Try it
Retype the data that follows exactly. No pictures belong in the copy.

Given material
□ □ □

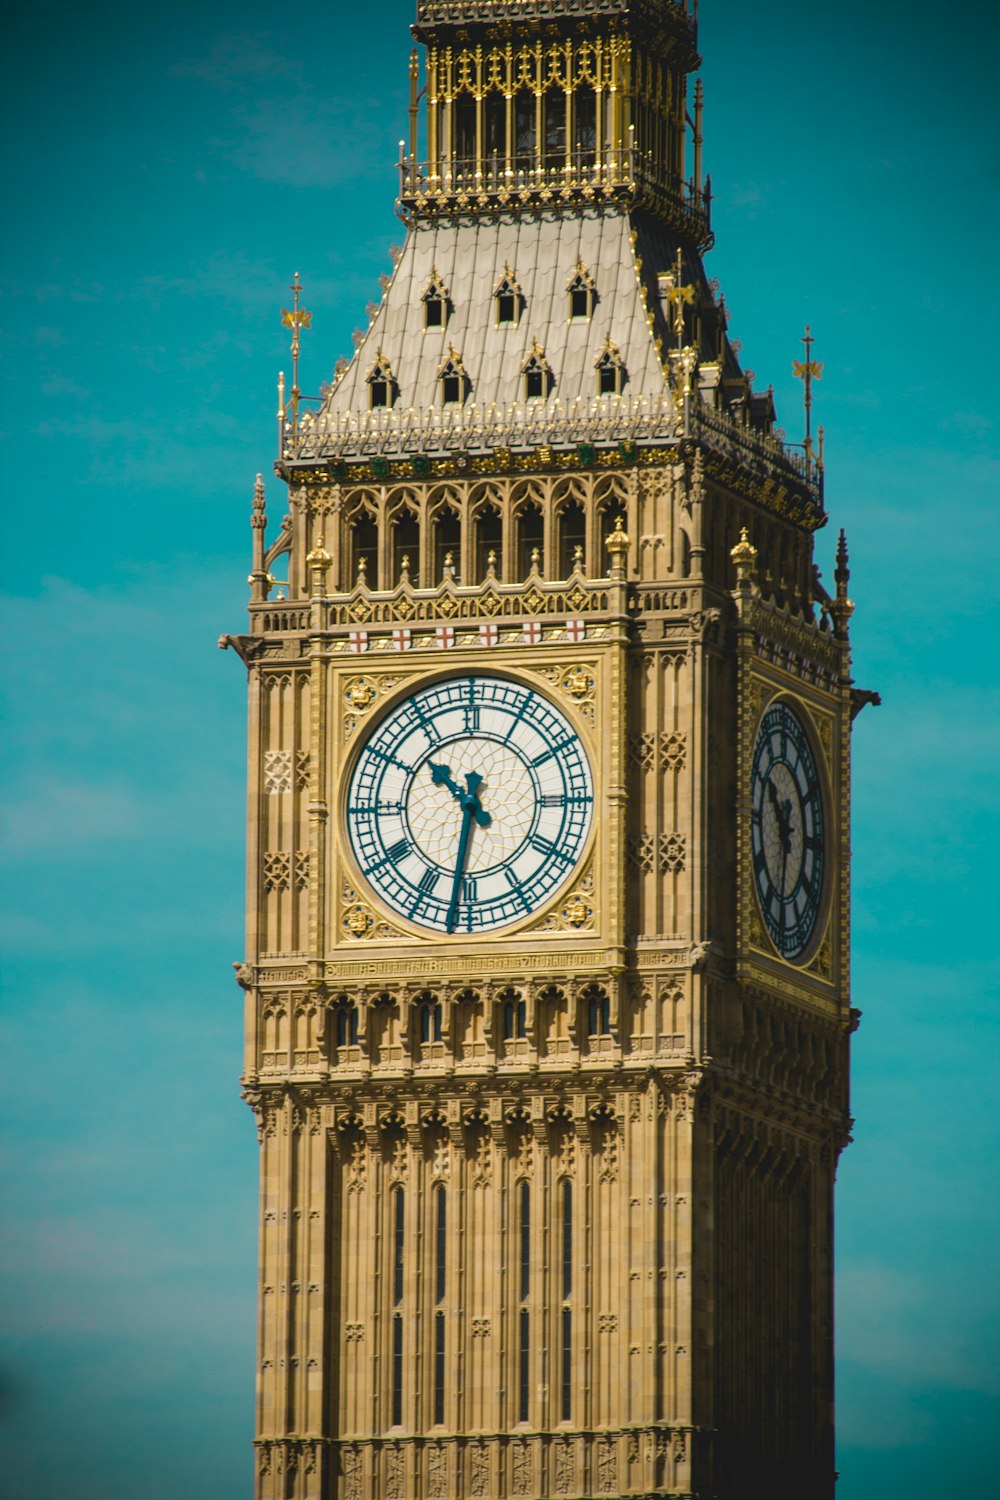 a large clock tower with Big Ben in the background
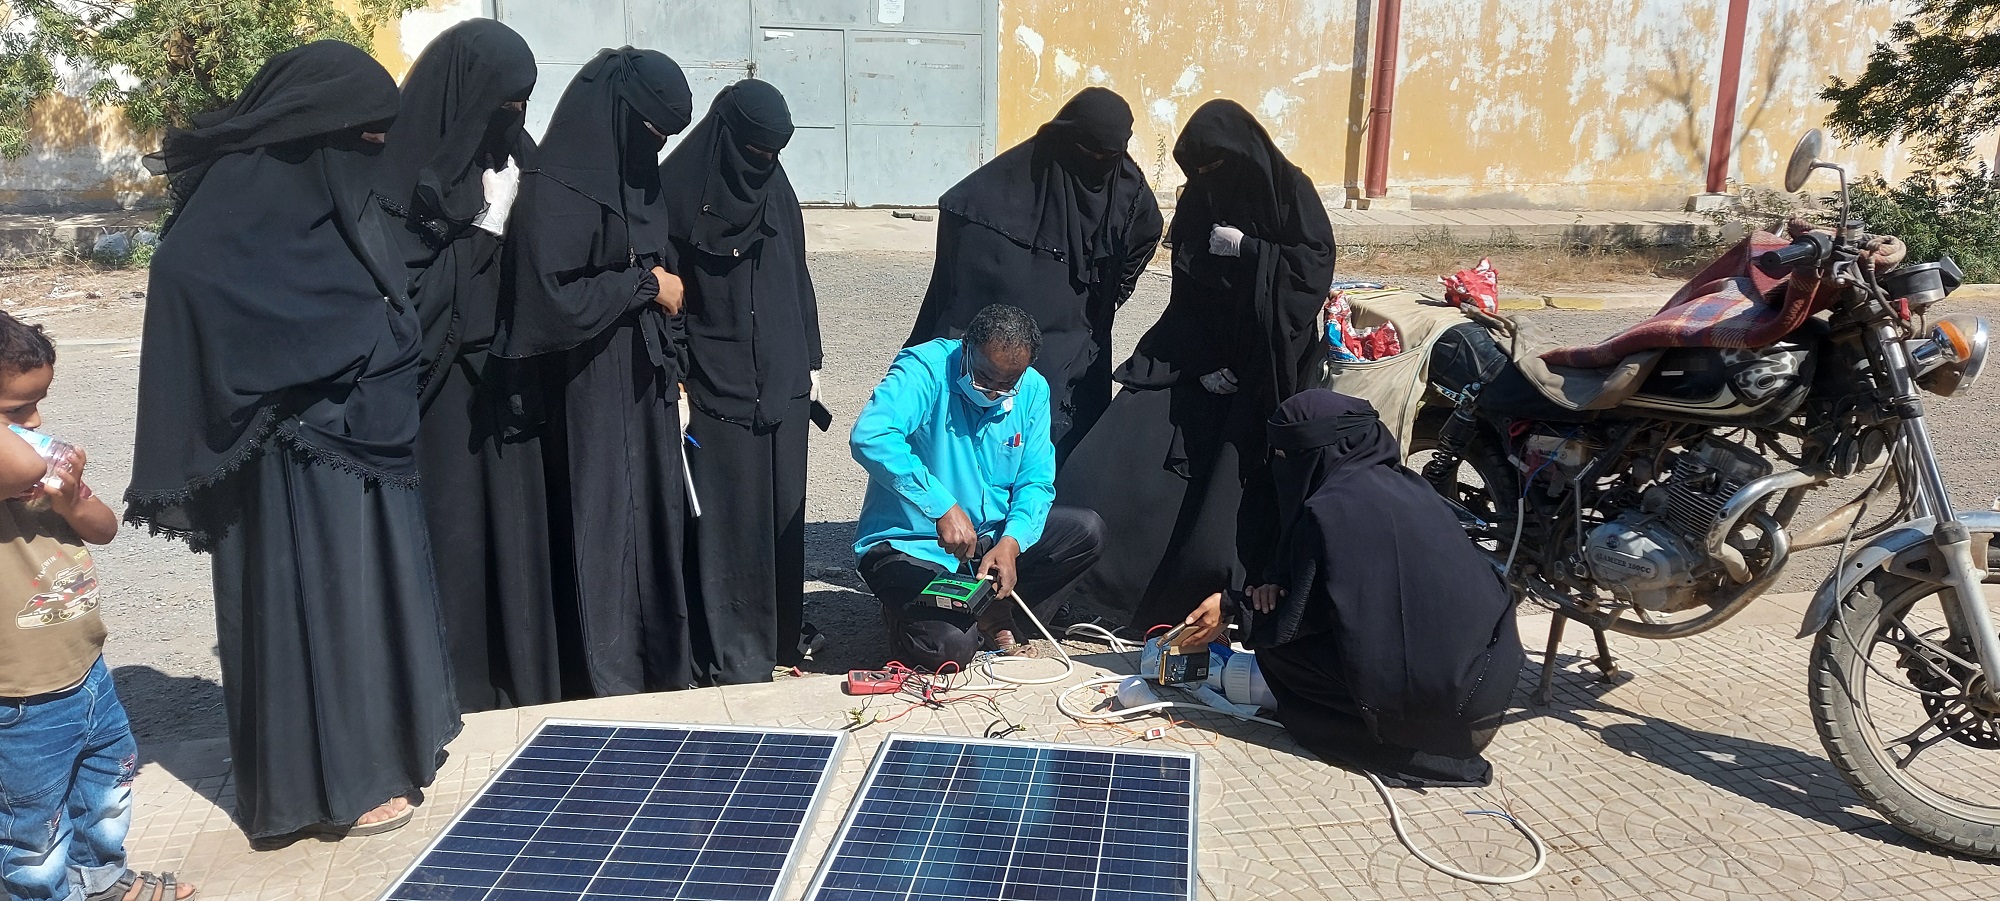 A group of women in black outfit watching a man working on a solar panel
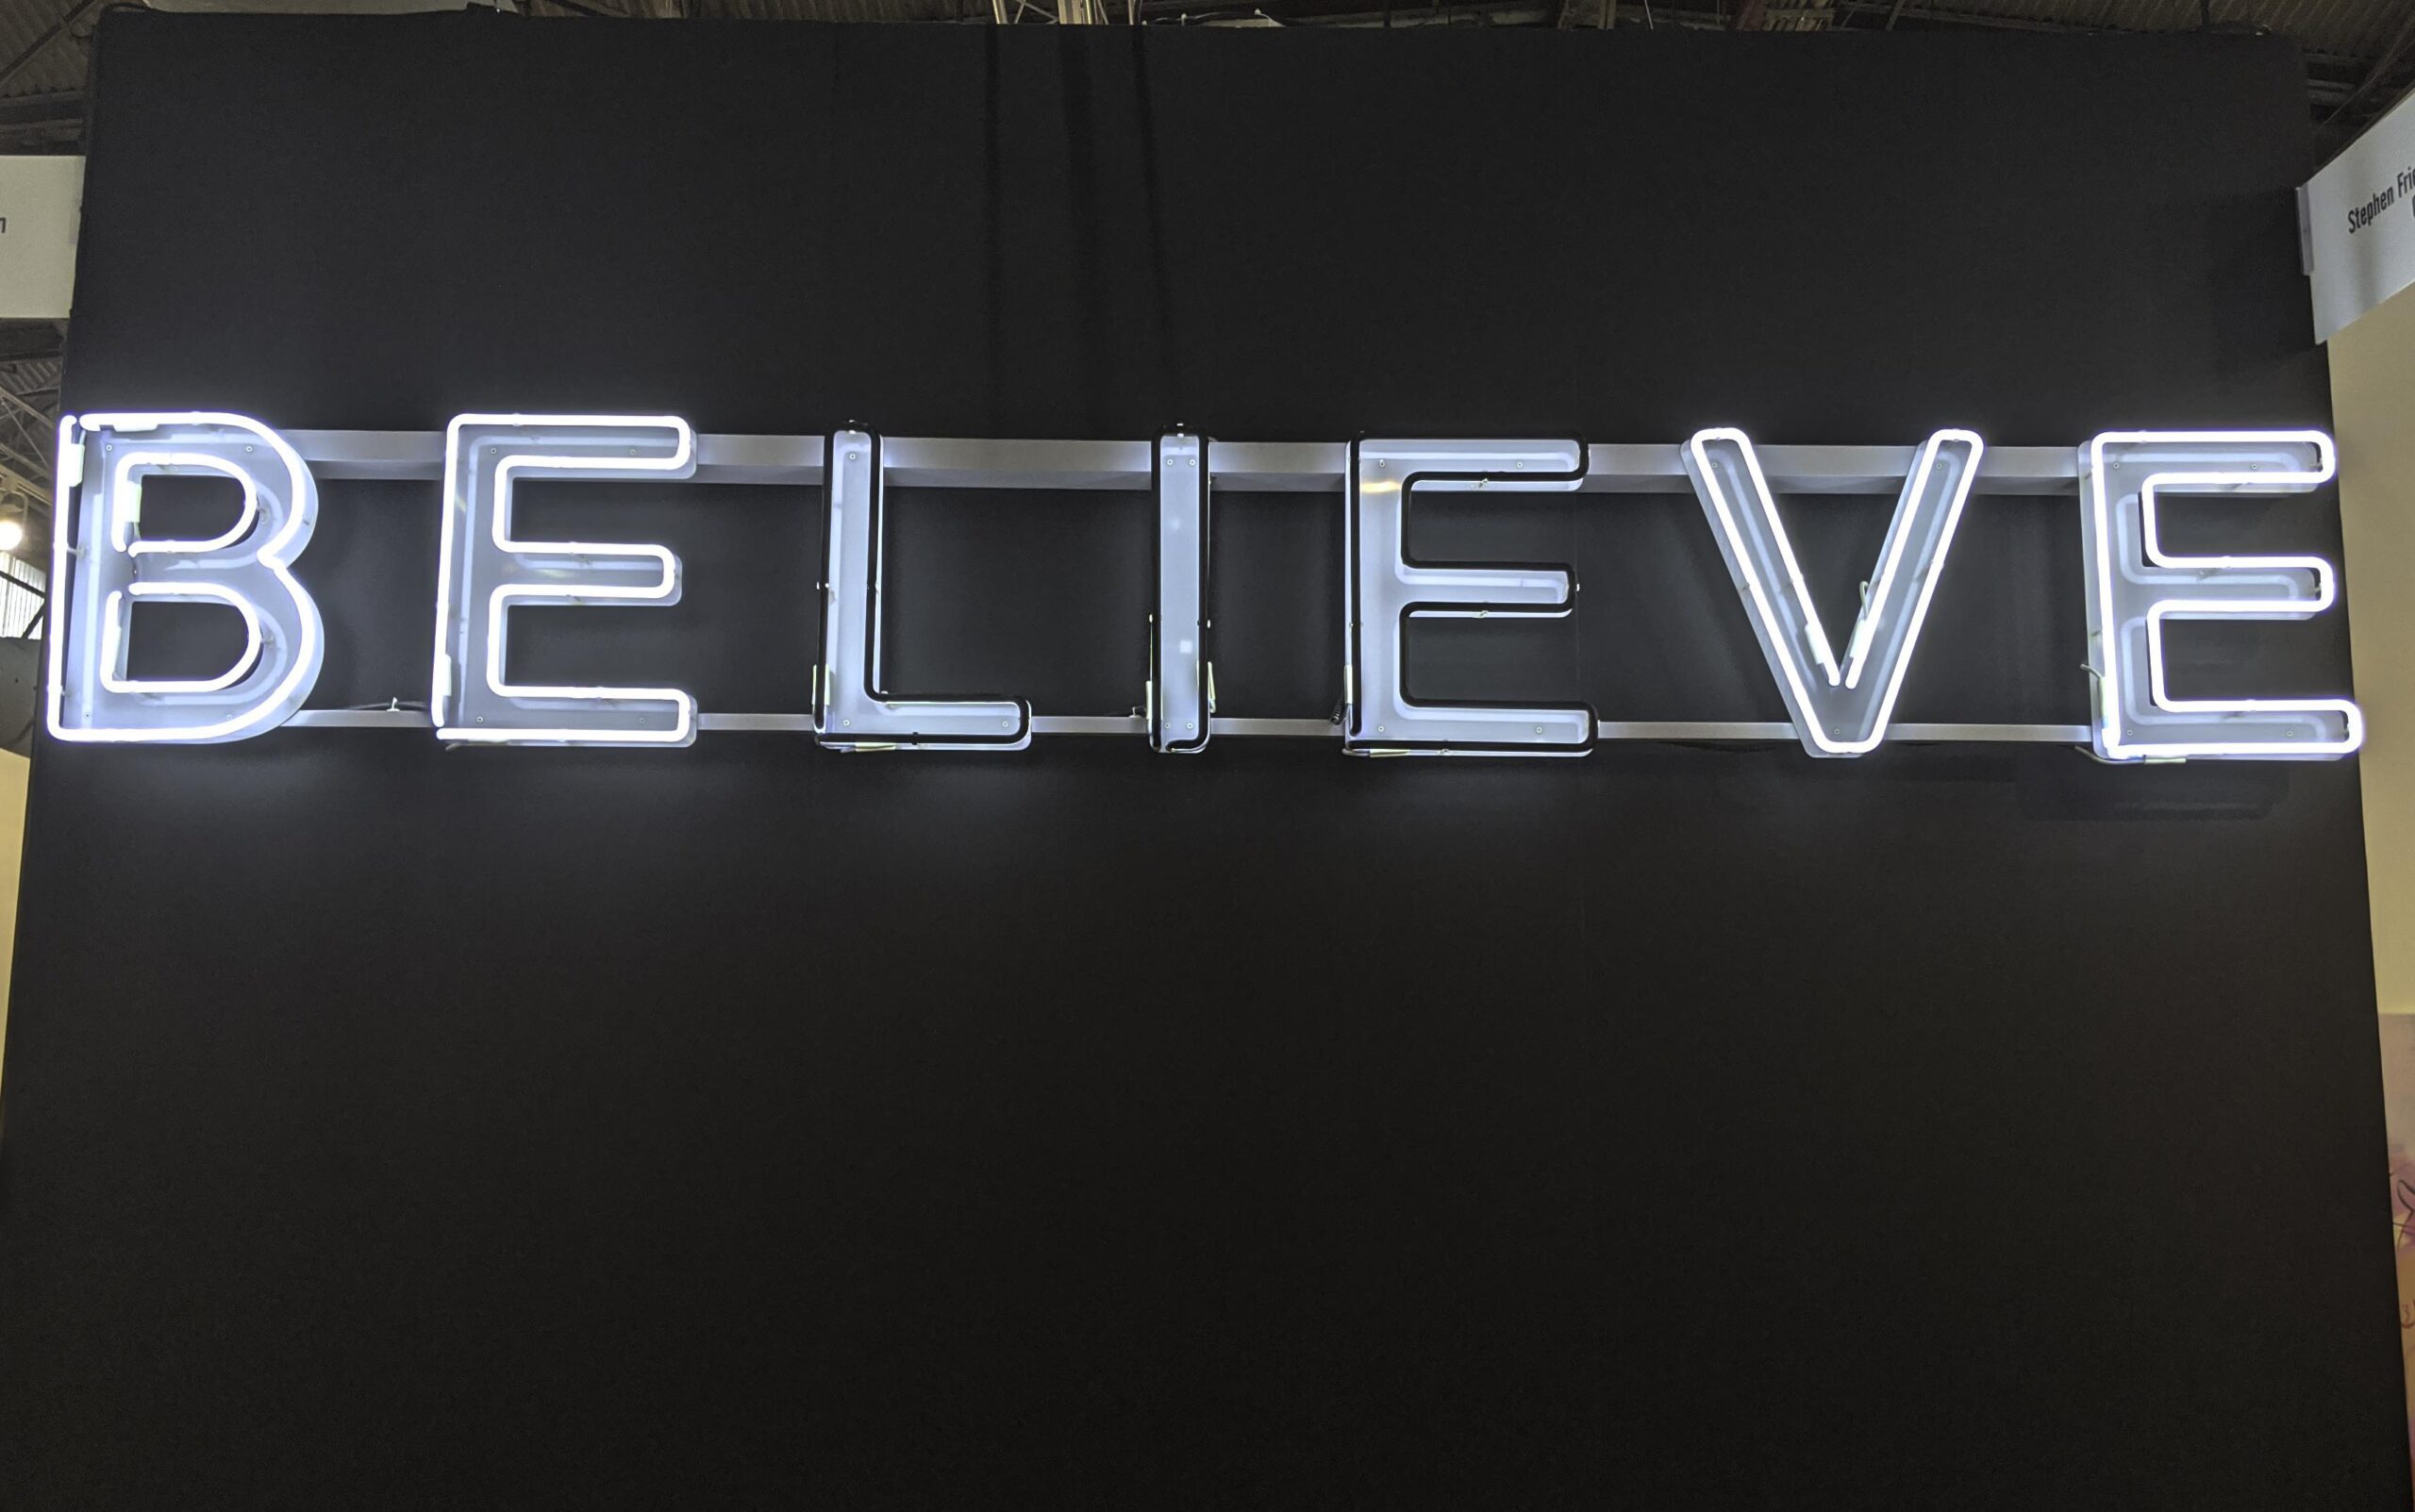 Navigating Cameo Misuse: A New Challenge in Online Reputation, "Believe" on Wall, Recover Reputation

□ □ □

Response to the exercise
 a large clock tower with Big Ben in the background
 A group of women in black outfit watching a man working on a solar panel
 Navigating Cameo Misuse: A New Challenge in Online Reputation, "Believe" on Wall, Recover Reputation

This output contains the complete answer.